Lotus has released two new videos of its new 3-Eleven road-legal racer being development at the Nurburgring.
The Lotus 3-Eleven is the replacement for the 2-Eleven that comes powered with a mid-mounted supercharged Toyota 3.5-litre V6 that comes with either 345kW for the extreme track version or 308kW for the version developed for the road.
Two transmissions will be offered - a regular six-speed manual or a near race-spec X-Trac six-speed sequential 'box that most track versions are expected to come with.
Weighing in at less than 890kg, the more powerful windscreen-less open-cockpit 3-Eleven can hit 97km/h (60mph) in 2.9 seconds and record a top speed of 290km/h.
The short videos released late last night show just how effective the 3-Eleven will be on track although, unfortunately, still do not show a whole complete timed lap of the Nurburgring.
Last year the Norfolk-based car-maker came in for heavy criticism after claiming the 3-Eleven had set a time Nurburgring lap of 7:06.

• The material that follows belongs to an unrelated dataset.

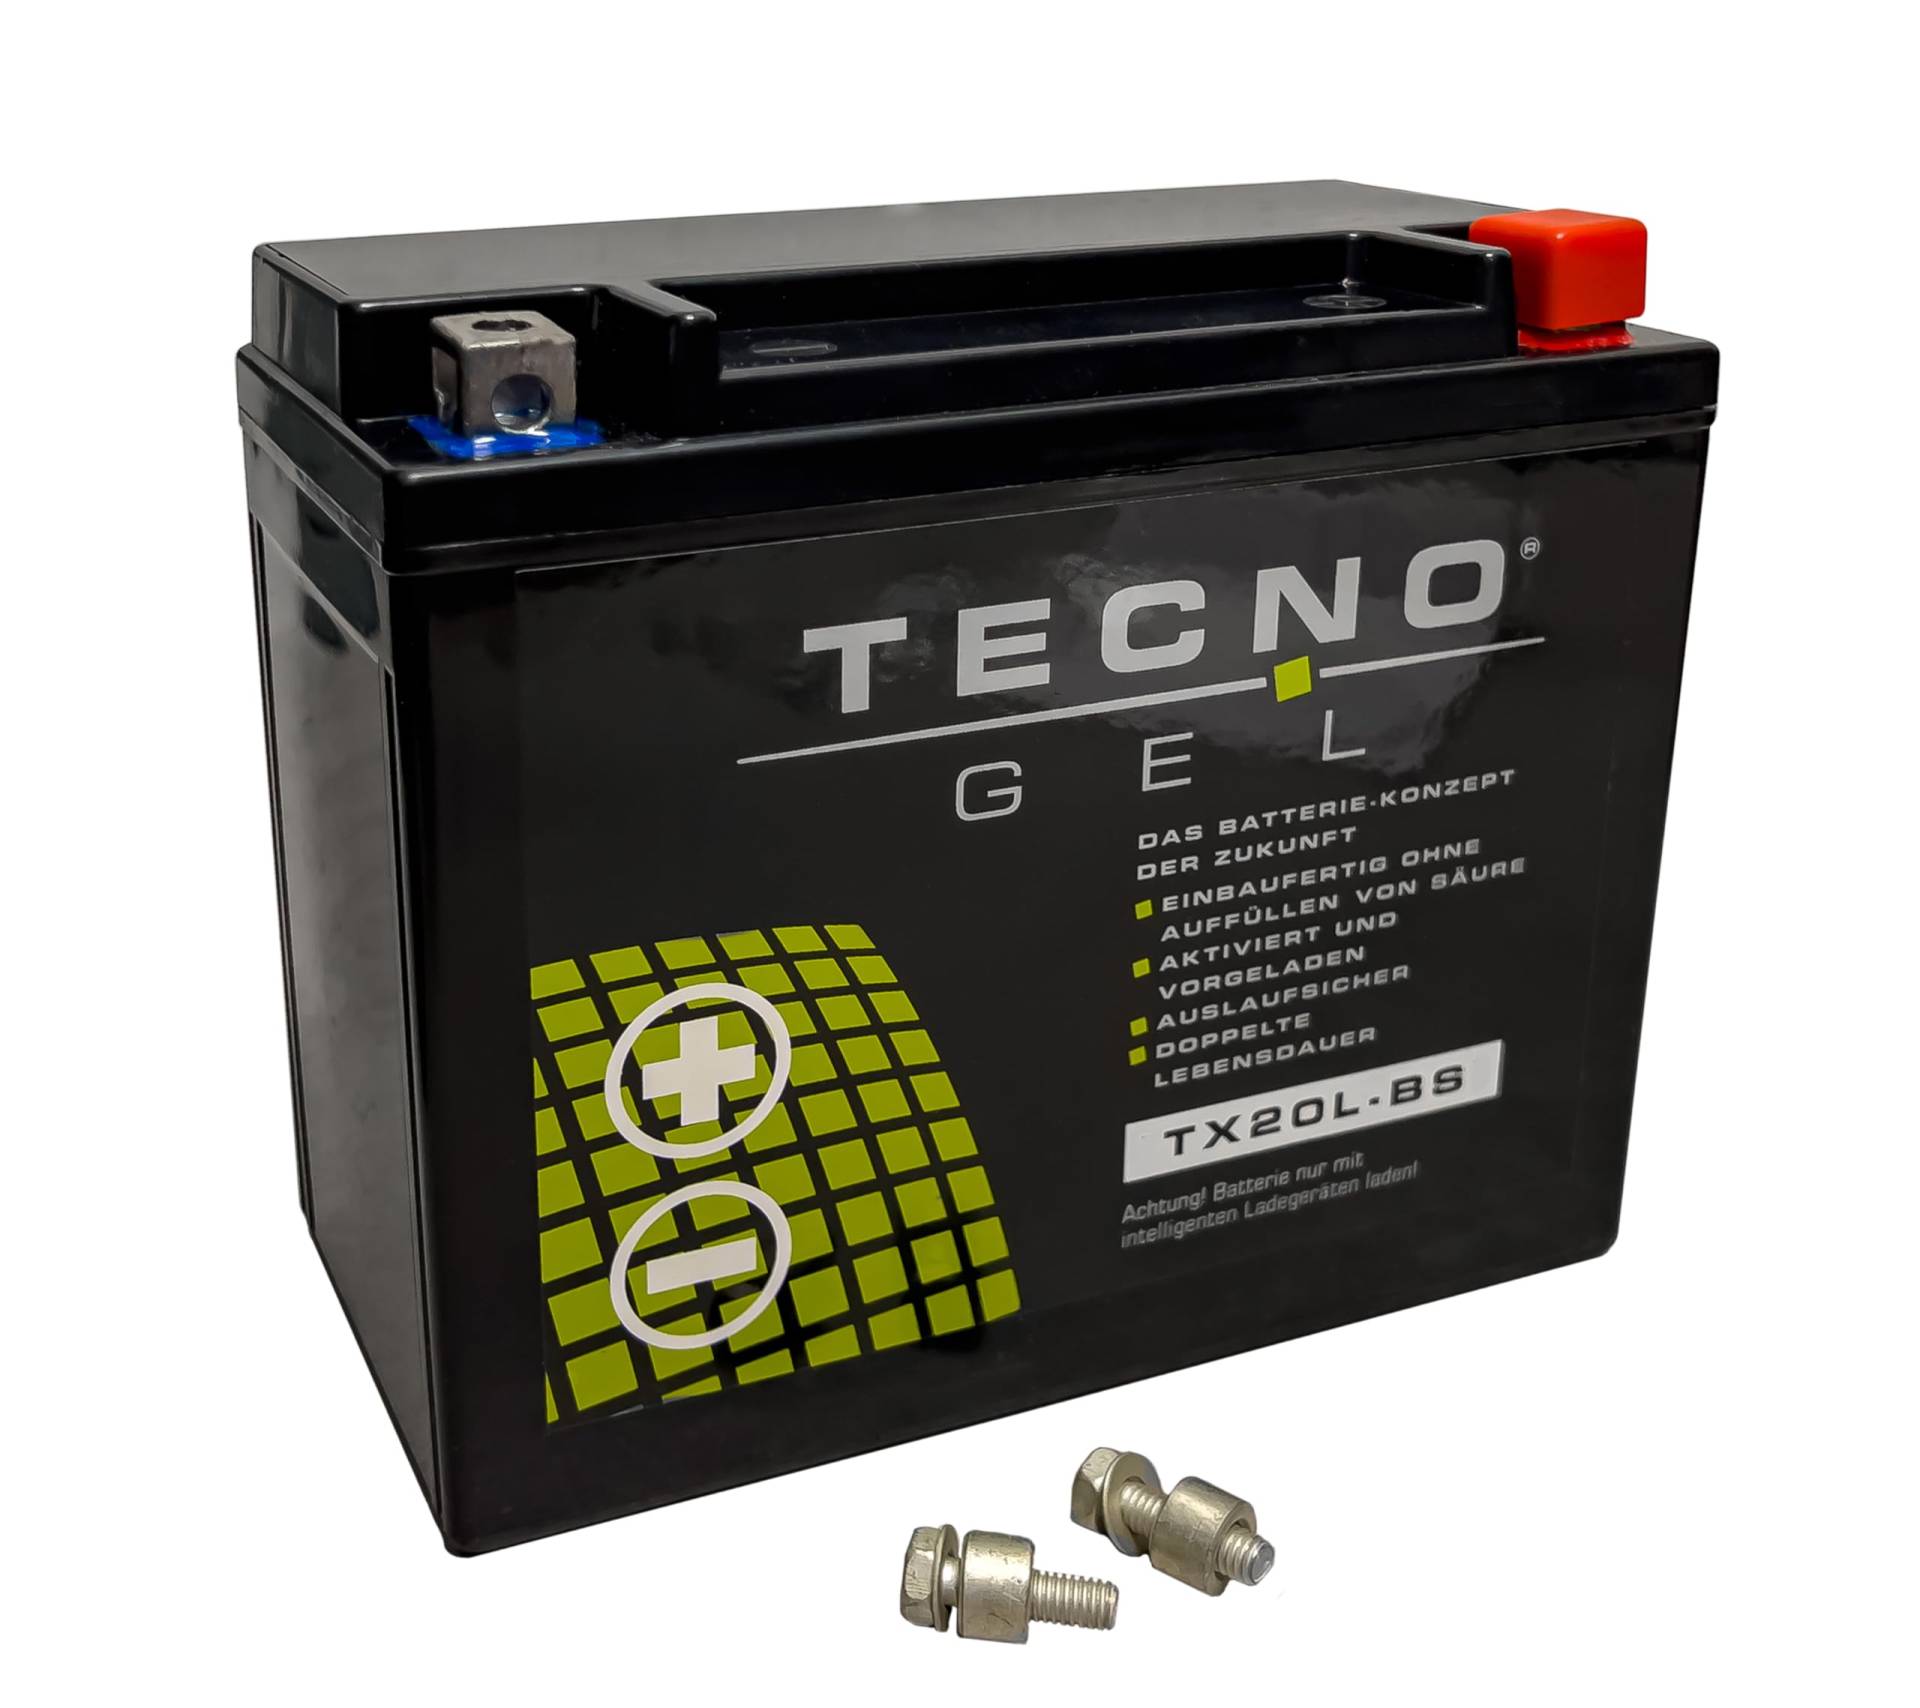 TECNO-GEL Motorrad-Batterie für YTX20L-BS für KYMCO MXU u. UXV 450/500/700 2005-2018, 12V Gel-Batterie 20Ah (DIN 82000), 175x87x155 mm von Wirth-Federn

In reality, the time claimed wasn't from one complete lap of the old German toll road but one made up of an amalgamation of different sector times recorded on multiple laps - much to the anger of some enthusiasts who accused Lotus of cheating.
One of the unique challenges (headaches) of car-maker's recording time at the Green Hell is the difficulty of stringing together one complete representative lap of a car's true performance. Traffic, weather and human error over one entire lap have seen many try and fail to set a fast time over the years, hence the accusations Lotus had cheated.
In the past Lotus has publicaly stated that it hoped the 3-Eleven, when production-ready, would be capable of beating Porsche's 918 Spyder hypercar's laptime of 6:57.
In the UK the 3-Eleven costs around $150,000 for the road version and $200,000 for the faster track special.
Lotus plans to build 311 3-Elevens over two years, it's still not known if new importer Simply Sports Cars will green light the road-legal racer for down Under.